Di questa guerra tutto il mondo parla, da quando Baghdad fu sommersa da una pioggia di bombe, il 19 marzo del 2003. Parla, ma per dire che cosa? Le persone di buona volontà chiedono pace. Altri giustificano, nel nome della propria civiltà superiore. Altri ancora sospendono il giudizio, distribuendo ragioni e torti con una equidistanza degna di miglior causa
Questo libro non è equidistante. Parte da una premessa ben chiara, che a noi pare fondamentale. Questa guerra l’ha voluta l’amministrazione Bush, senza alcuna giustificazione. La menzogna delle «armi di distruzione di massa» è stata una messinscena a beneficio dei creduloni.
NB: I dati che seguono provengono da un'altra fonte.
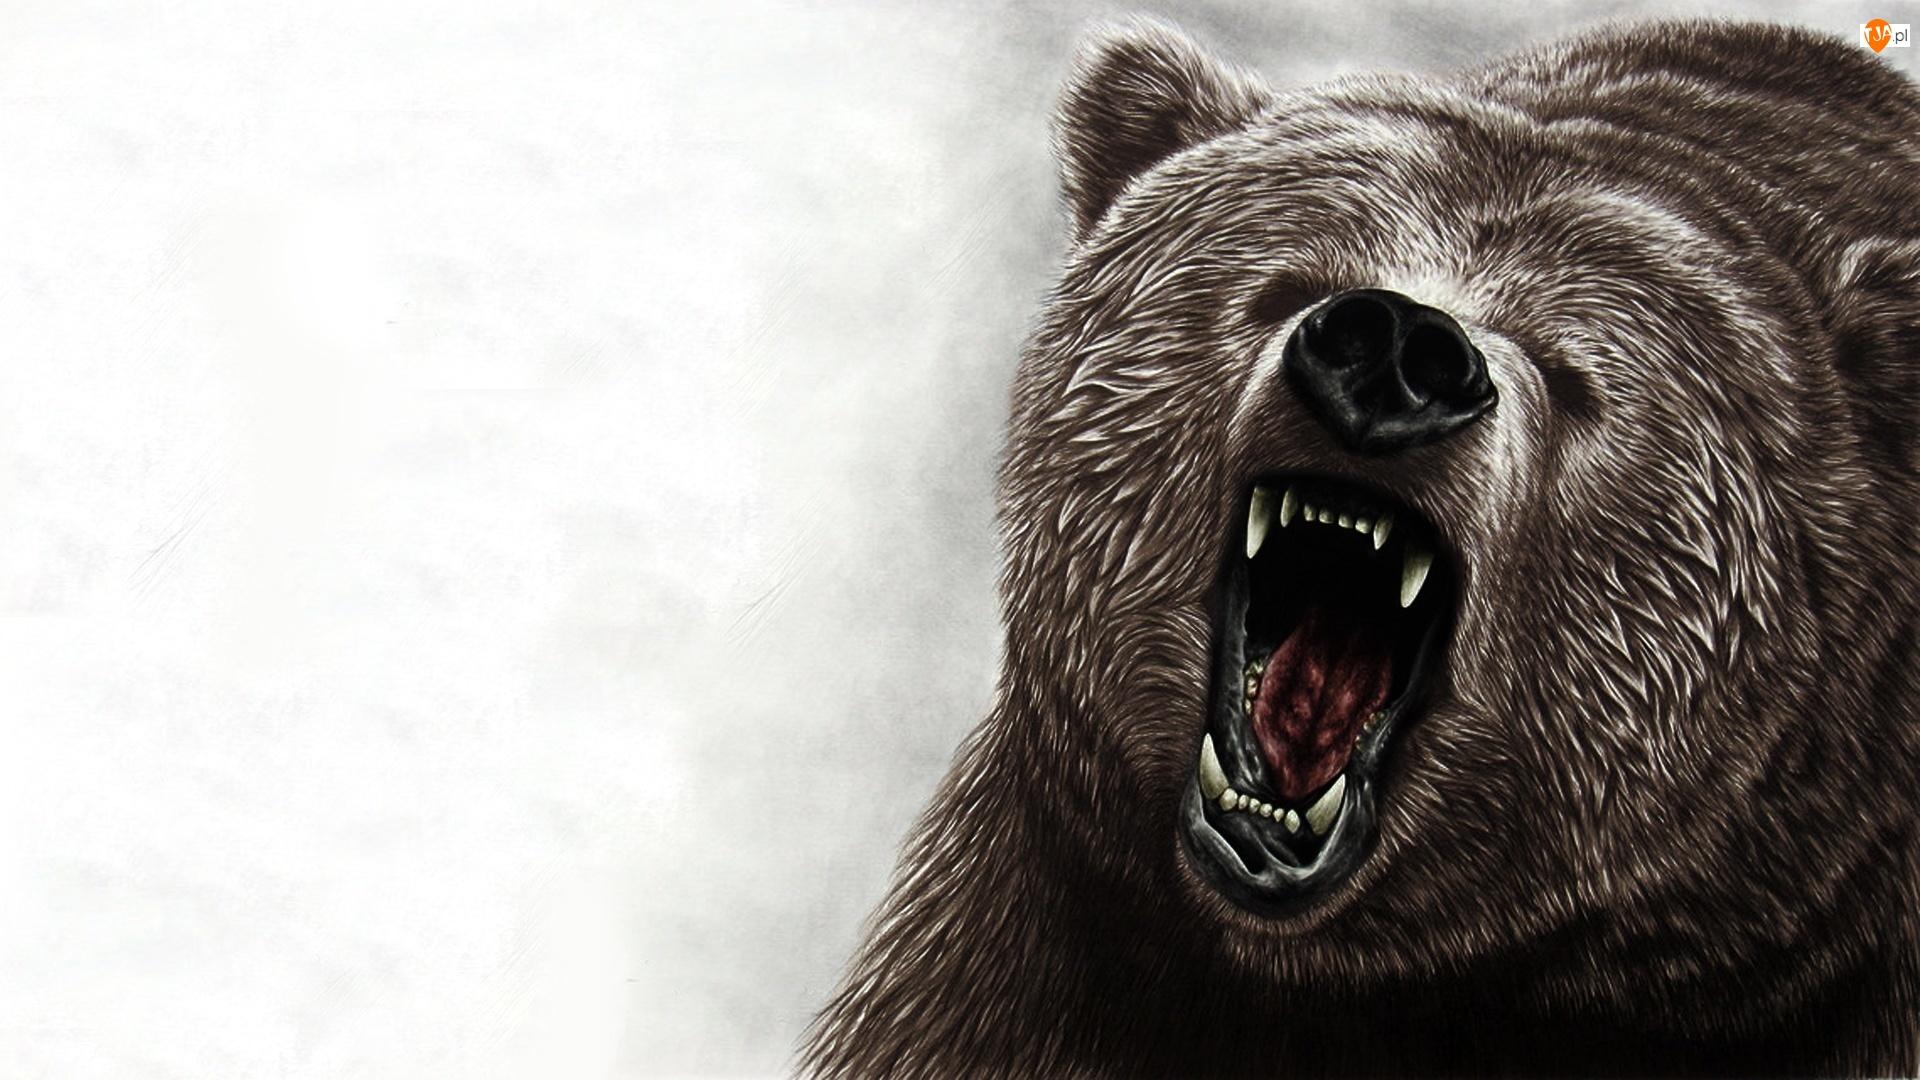 эндоскопическое картинки компьютерные морды медведя уже так всё

La storia del «terrorismo internazionale» e dello «scontro di civiltà» è una diceria che strumentalizza misteri (chi volle l’11 settembre?) per legittimare nuove crociate. Questa è una guerra statunitense, combattuta nell’epicentro della crisi mondiale (il «grande Medio Oriente»), ma scatenata per la posta più alta, la leadership nei confronti degli altri poli di potenza: l’oggi «alleata» Unione europea, quindi i nemici di sempre, a cominciare da Cina e Russia. Quando la si dice «infinita», non si impiegano iperboli: si dà conto di un preciso programma.

ISBN: 88-88738-65-7
PAGINE: 288
ANNO: 2005
COLLANA: FuoriFuoco
TEMA: Guerra e geopolitica
Autori

Vladimiro Giacché

Vladimiro Giacché
Vladimiro Giacché è nato a La Spezia nel 1963. Si è laureato e perfezionato in Filosofia alla Scuola Normale di Pisa. Lavora nel settore finanziario. È autore di volumi e saggi di argomento filosofico ed economico, fra i quali Finalità e soggettività. Forme del finalismo nella Scienza della logica di Hegel (Cnr, 1990), La filosofia. Storia e testi (con G. Tognini, La Nuova Italia 1996) e Storia del Mediocredito Centrale (con P. Peluffo, Laterza 1997).

Alberto Burgio

storico della filosofia, ha dedicato gran parte del suo lavoro all’analisi critica del discorso razzista. Sul tema ha curato i volumi Radici e frontiere. Ricerche tra razzismi e nazionalismi (1993), Studi sul razzismo italiano (1996, con Luciano Casali) e Nel nome della razza. Il razzismo nella storia d’Italia 1870-1945 (1999, 2000). E pubblicato L’invenzione delle razze. Studi su razzismo e revisionismo storico (1998), La guerra delle razze (2001), Nonostante Auschwitz. Il “ritorno” del razzismo in Europa (2010), Il razzismo (2012, con Gianluca Gabrielli) e Orgoglio e genocidio. L’etica dello sterminio nella Germania nazista (2016, con Marina Lalatta Costerbosa).